Eat pintxos like a local
Pintxos are the lifeblood of northern Spain’s food scene. In cities like Bilbao and San Sebastián, you’ll find chefs in hole-in-the-wall bars and upmarket restaurants showcasing their skills through these bite-sized creations.
What are pintxos?
Pintxos are very similar to tapas – they’re small dishes that you can eat in a couple of bites. The main difference is that tapas tend to be complete dishes while pintxos are smaller and more like canapés. Traditionally, pintxos are a small piece of bread with different toppings skewered on.
Some classic toppings include tortilla, cod with peppers, olives with anchovies and chilli gilda, meatballs and grilled goats’ cheese.
You’ll see pintxos laid out across the counter of pretty much every bar you walk past. From breakfast until late into the night, people graze across this cornucopia of snacks. They usually cost between one and three Euros.
What’s a ración?
A ración is a dish large enough to share with one or two other people. A media ración is half that size, but still bigger than a pintxo. If you’re in a group, you might want to order one popular ración, a media ración of something only a few of you want to eat and then a pintxo or two each. Hot racións are usually written on a board behind the bar and tends to be that place's speciality.
How to order pintxos like a local
Watch and learn. If you go to the right pintxo bars, you’ll be surrounded by locals so just do what they’re doing. If in doubt, here are our top seven tips for ordering pintxos.
1. Find a spot to stand
Pintxos are traditionally eaten stood up at tables or at the bar. Find a place to stand where you can put down your glass in case you need both hands to eat your pintxo.
2. Order one or two pintxos per person
Cold pintxos are laid out and hot pintxos are chalked up on a board behind the bar and made to order. Pick one or two pintxos with a glass of wine or small beer, and then move on to the next place.
3. Don’t overthink it
Unless you’ve got a food allergy or have a restricted diet, take a gamble and order food by pointing at what looks delicious. Some pintxos will have little stickers attached to the skewers which describe the dish. But for a couple of Euros, it’s worth just going with the flow.
4. Throw your napkin on the floor
But only if other customers are doing it. Pintxos may be served on a napkin and traditional, sawdust-floor bars will often have serviettes littering the floor – think of it as a sign of respect for the meal you’ve enjoyed. However, modern pintxos bars tend not to do this. Look around and take other peoples’ lead. If in doubt, don’t do it.
5. Help yourself
Generally, if pintxos are laid out, you can help yourself to a couple of snacks, but it’s not ok in bars with a small plastic screen in front of the food. If you’re not sure, ask the bar staff and take one or two pintxos on a napkin. They might offer you a plate but don’t load it up like it’s an all-you-can-eat buffet.
6. Pay when you leave
Spanish custom is to pay as you leave, not when you order. Bar staff tend to remember what you’ve ordered or count the number of skewers. In some places, they’ll ask you how much you’ve eaten (no fibs).
7. Move around
Try as many different pintxos bars as possible. Have a couple of snacks in each place and move onto the next one to create your own mini pintxos crawl. You’ll see a lot of the same classic pintxos in each place but each bar will also have their own speciality.
What should I drink?
Pintxos are as much about drinking as they are about eating. Txikiteo is when you go out eating pintxos and drinking in multiple bars, like a sophisticated pub crawl. The word comes from the word txikito, a small glass of wine.

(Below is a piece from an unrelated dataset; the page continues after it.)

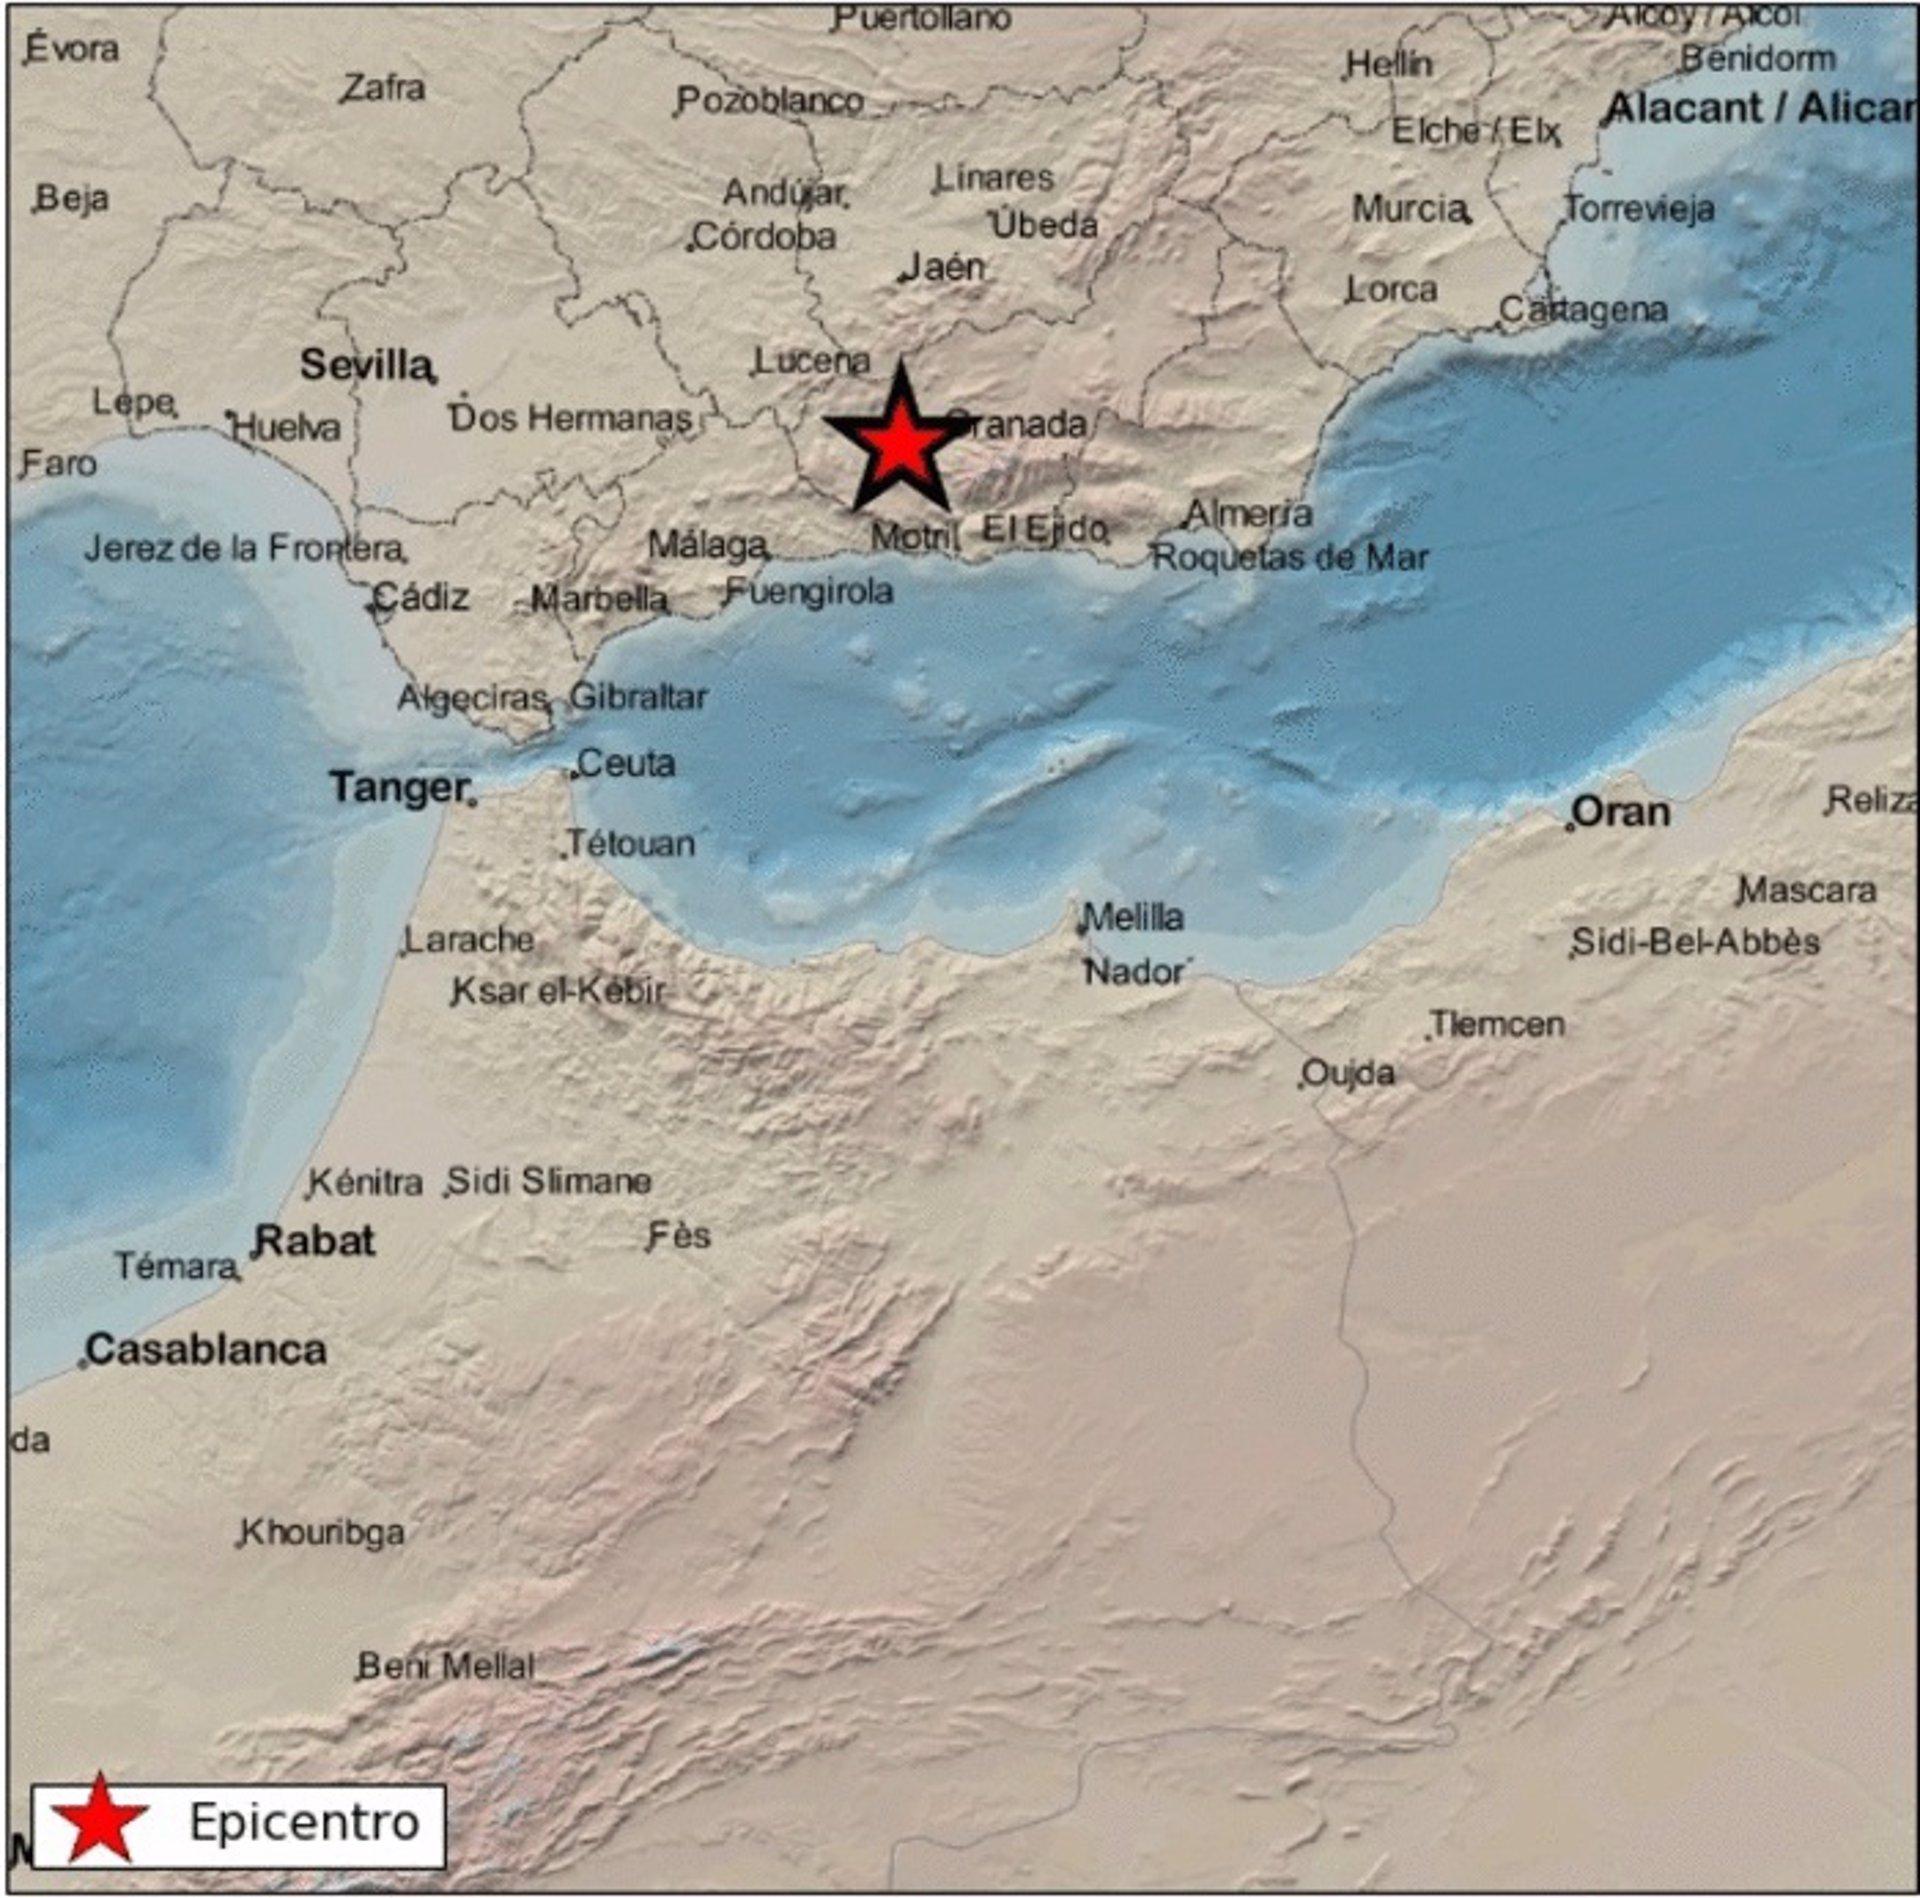 La provincia registra dos terremotos más, de magnitud 2,5 y 2,3, tras los de 4,5 y 3,1 de la pasada noche

Pintxos change throughout the day and are designed to go with most typical drinks. Pair a pintxo de tortilla with coffee for breakfast, then move onto light white wines like verdejo or the regional sparkling white txakoli for lunch. If you’re ordering beer, ask for a zurrito, which is a small glass.
Help! I don’t speak Spanish
No te preocupes. Don’t worry! No pasa nada. It’s all good. Spain seems to embrace slight chaos like an old friend, so as long as you’re friendly, enthusiastic and don’t take yourself too seriously, you can fit right into Spanish bar culture. Here are a few key phrases you might hear:
Quiero… I would like…
¿Algo más? Would you like anything else?
¿Te lo caliento? Shall I heat it up? (Often asked, for the cold tapas that are better served warm. If in doubt, just say yes.)
Una copa de Txakoli, por favor. A glass of Txakoli, please.
Un txikito. A small glass of wine.
Un zurrito. A small glass of beer.
La cuenta, por favor. Please can I have the bill.
Agur. Basque for goodbye and a nice way to say thank you.